Je fietst een stukje en ineens, op een toevallige groenstrook zie je hetzelfde gras. Je zou bijna afstappen om een handje te plukken, zoals je dat veertig jaar geleden tweemaal per dag deed. Voor Floortje.

Als je tussen de middag en aan het einde van de dag uit school komt, en je de avontuurlijke sluiproute onder de dijk volgt, loop je langs dit meest groene en malse lentegras.

De cavia hoort je al aankomen en begint vanuit zijn riante verblijf – je moeder gunt jullie roodwitte huisgenoot een zo ruim mogelijk onderkomen, zelf getimmerd  van een oude kist, met getraliede ramen en deur – luidkeels te piepen. “Kijk toch ‘s, malse grassies!” zeg je tegen hem. En als je ze door de tralies steekt, begint het beestje terstond gulzig te knagen.

’s Morgens, als je vader als eerste beneden is, laat hij hem uit zijn hok. Als een dolle rent en springt hij door de keuken, en hij knaagt hartstochtelijk aan het vloerkleed onder de tafel. Hij zet zich schrap als hij de rand van het kleed met kracht toch gauw zo’n 15 centimeter van de vloer omhoog trekt. Als je moeder en jij de trap afkomen wacht hij, wederom enthousiast piepend bij de deur op jullie entree.

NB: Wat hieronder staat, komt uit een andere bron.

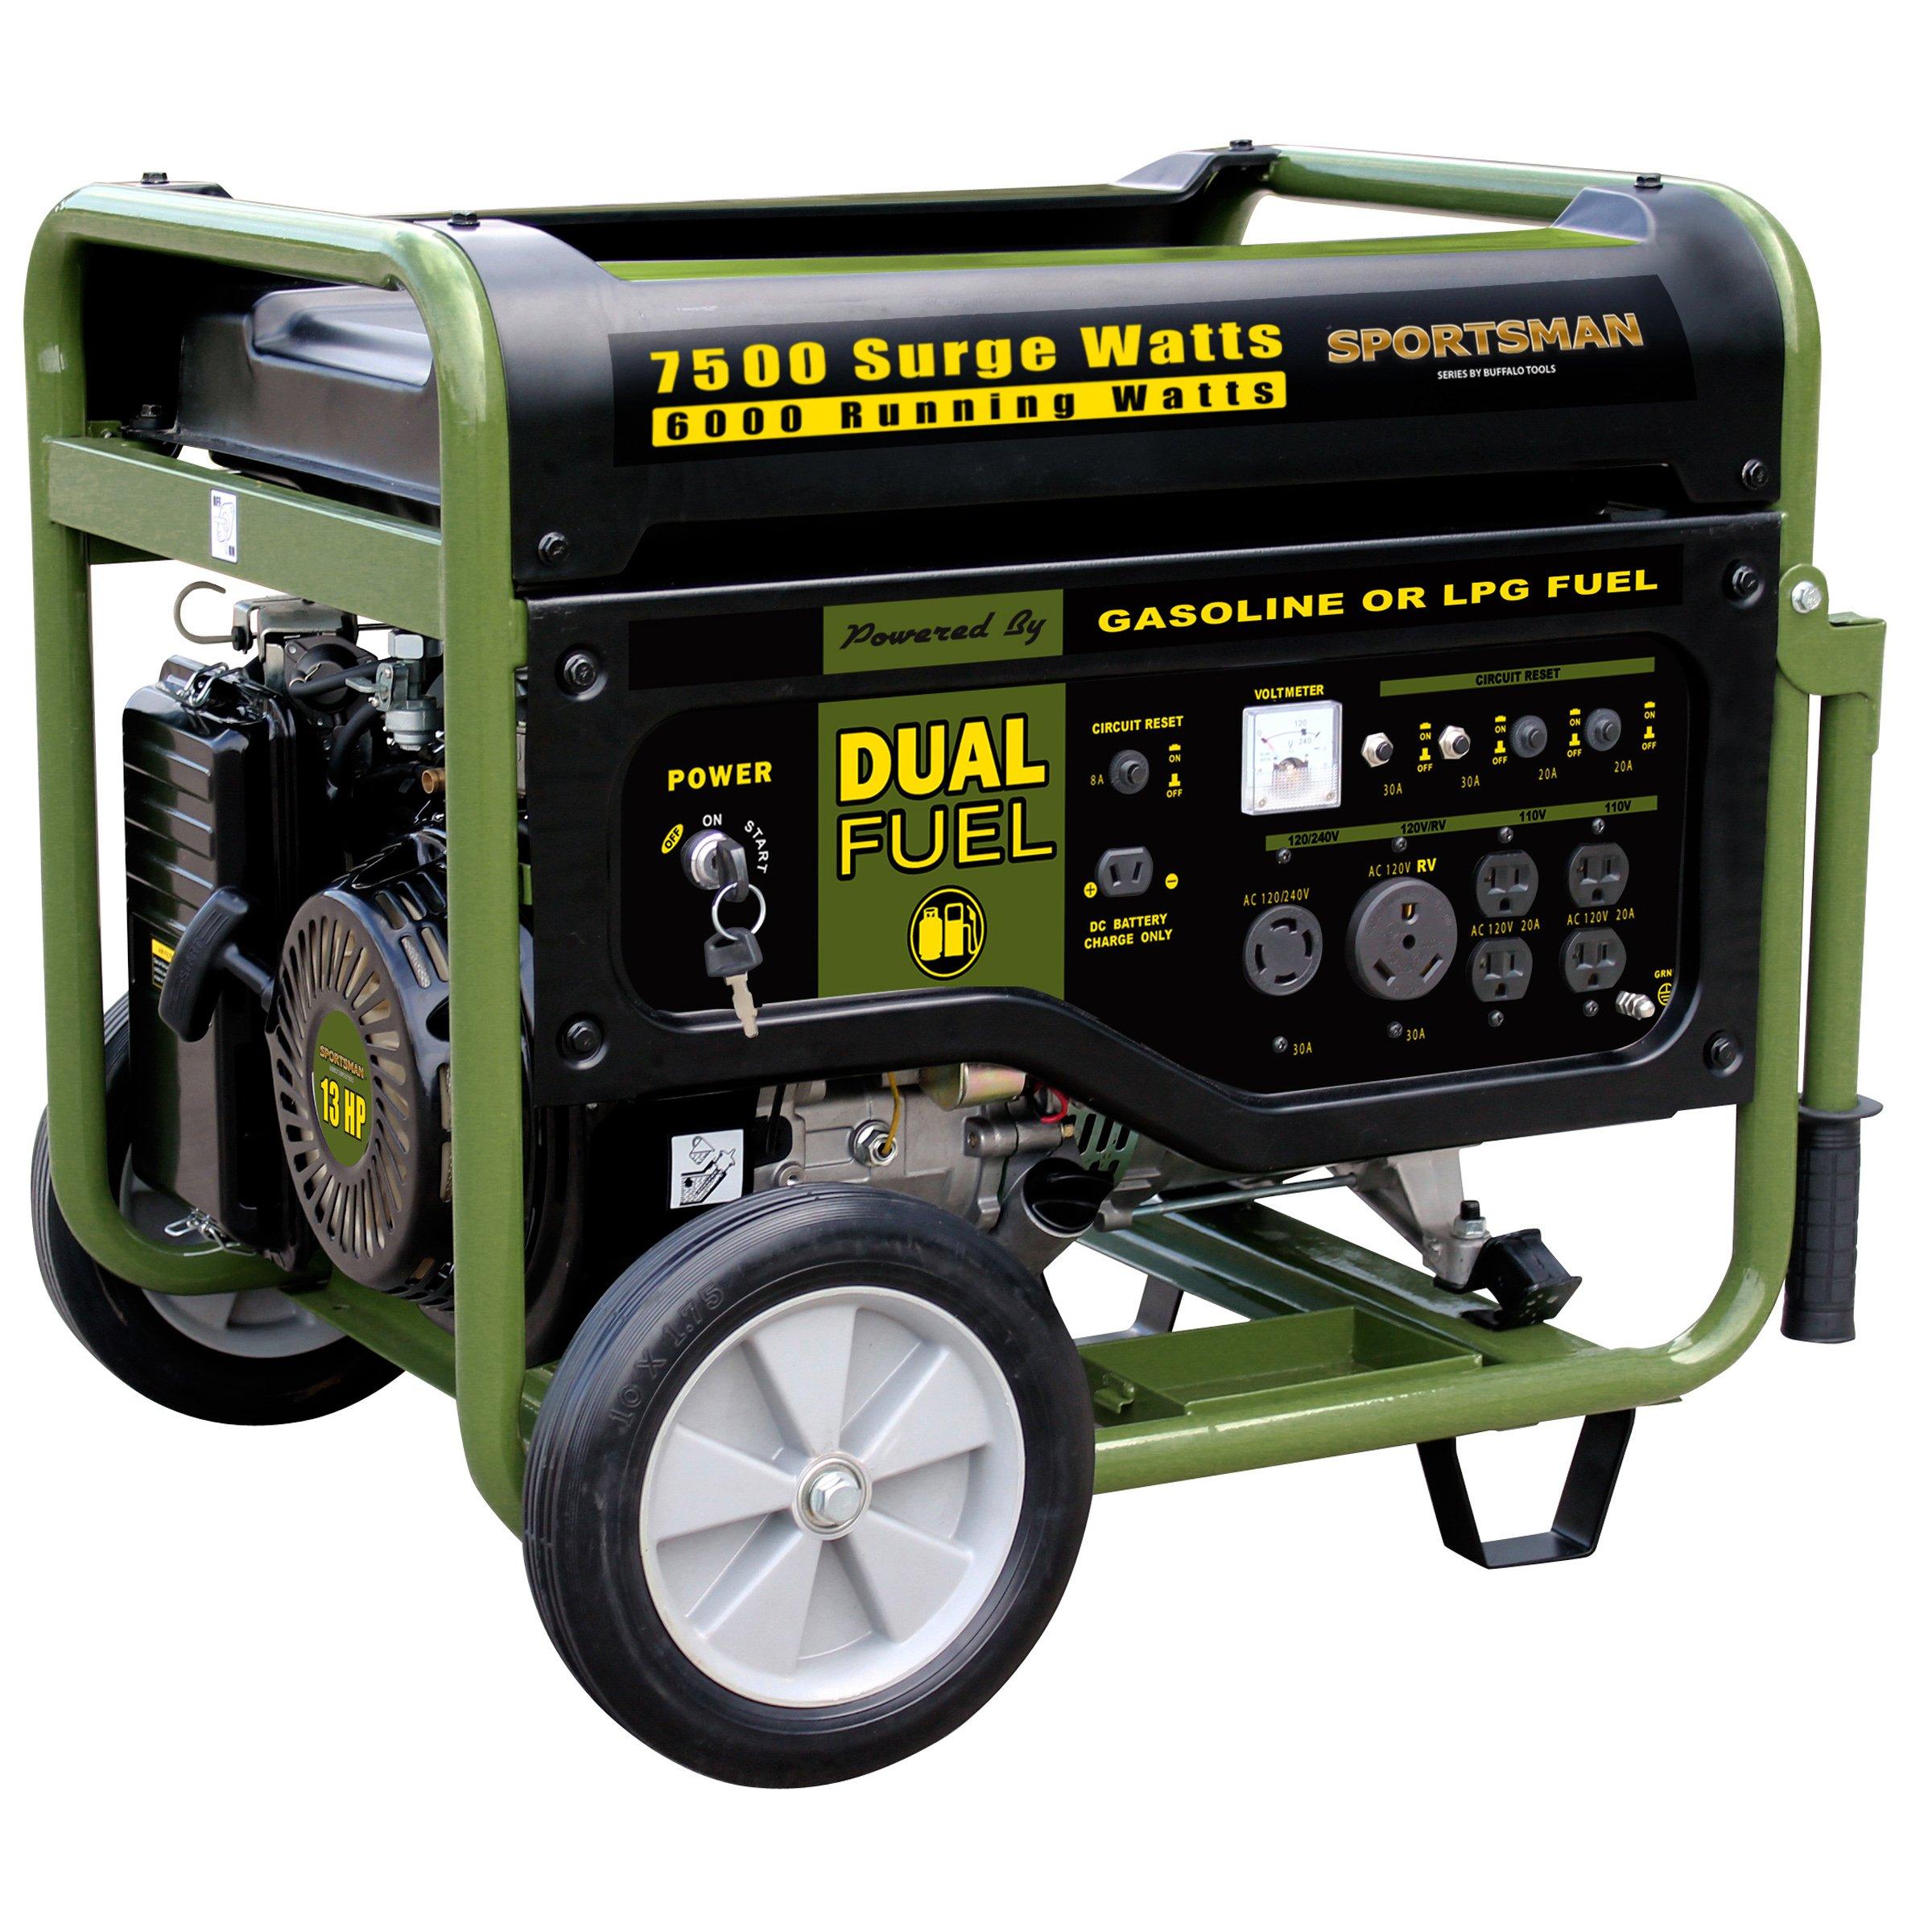 Sportsman GEN7500DF 7,500 Watt 13 HP 389cc OVH 4-Stroke Gas/Propane Powered Portable Generator With Electric Start
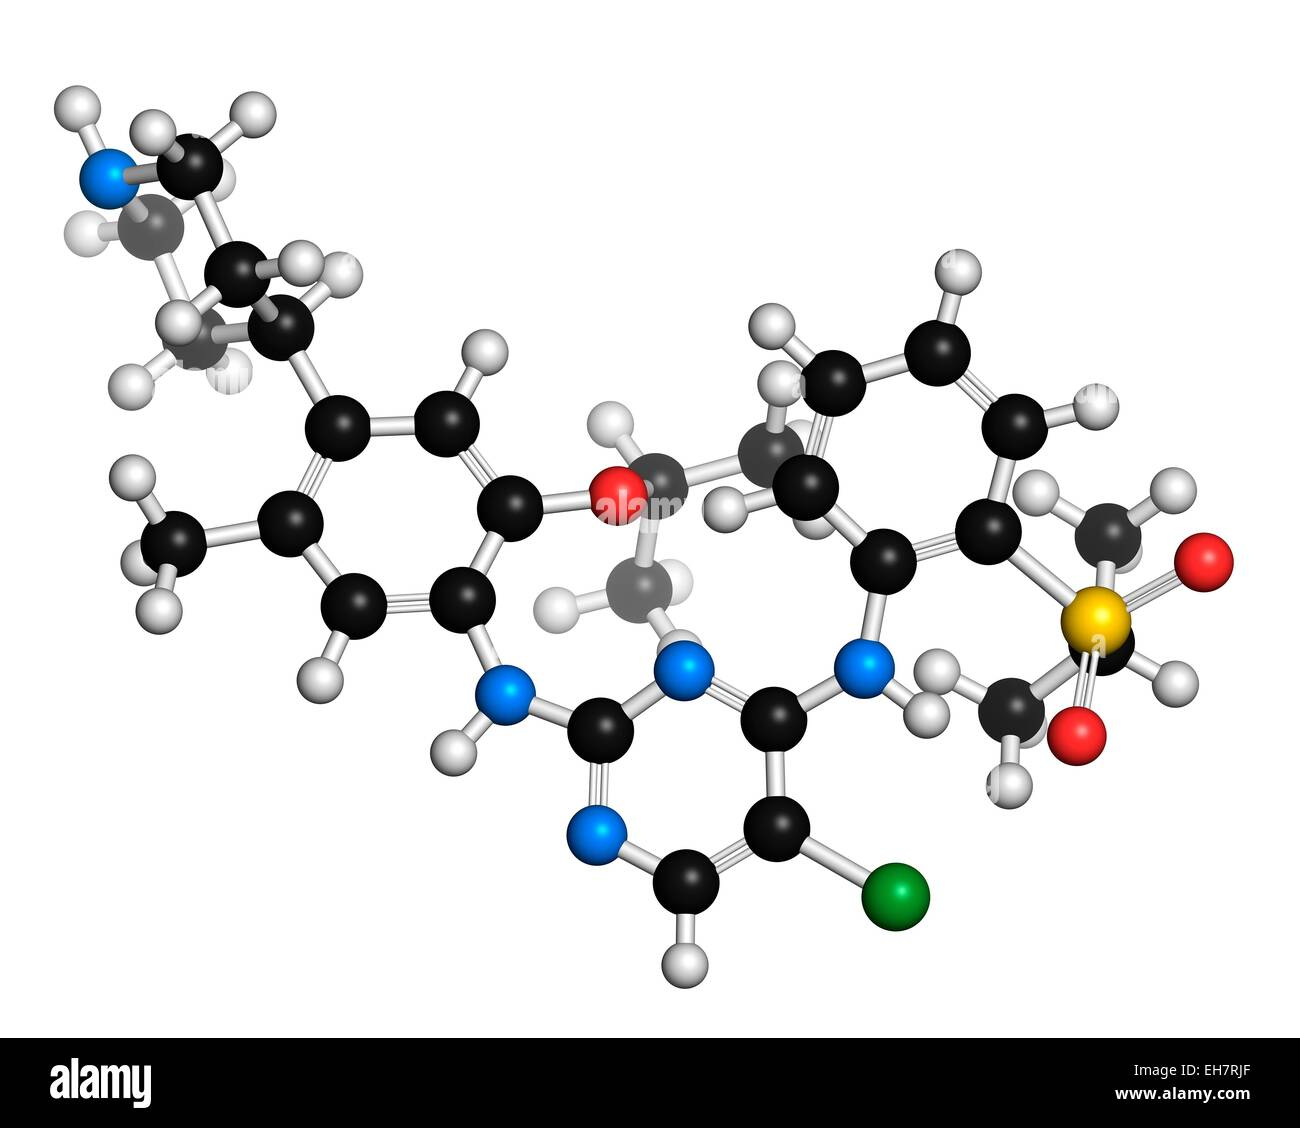 Ceritinib cancer drug molecule - Stock Image

’s Avonds ligt hij urenlang op schoot, in een speciale zak die je moeder van de resten van je oude oranje badstof pyjama heeft gemaakt, terwijl jullie koffie drinken en naar het journaal en Zeg s AAA kijken. Soms, als de ontspanning te lang en te intens wordt, laat hij zijn plas lopen en moeten de zak en je broek in de was. Niemand doet daar moeilijk over, al vermoed je dat je moeder en jij de incontinentie van het beestje voor je vader verzwijgen. Straks mag je hem niet meer op schoot.

Jullie zullen hem uiteindelijk maar zo’n tweeënhalf jaar hebben. Vanaf de koude winterdag waarop je oom Hans hem – piepklein nog – uit de zak van zijn grote leren brommerjas haalt, tot het moment dat de dierenarts in Oude Wetering hem – ongeneeslijk ziek – laat inslapen, genieten jullie met volle teugen alledrie van deze vrolijke huisgenoot.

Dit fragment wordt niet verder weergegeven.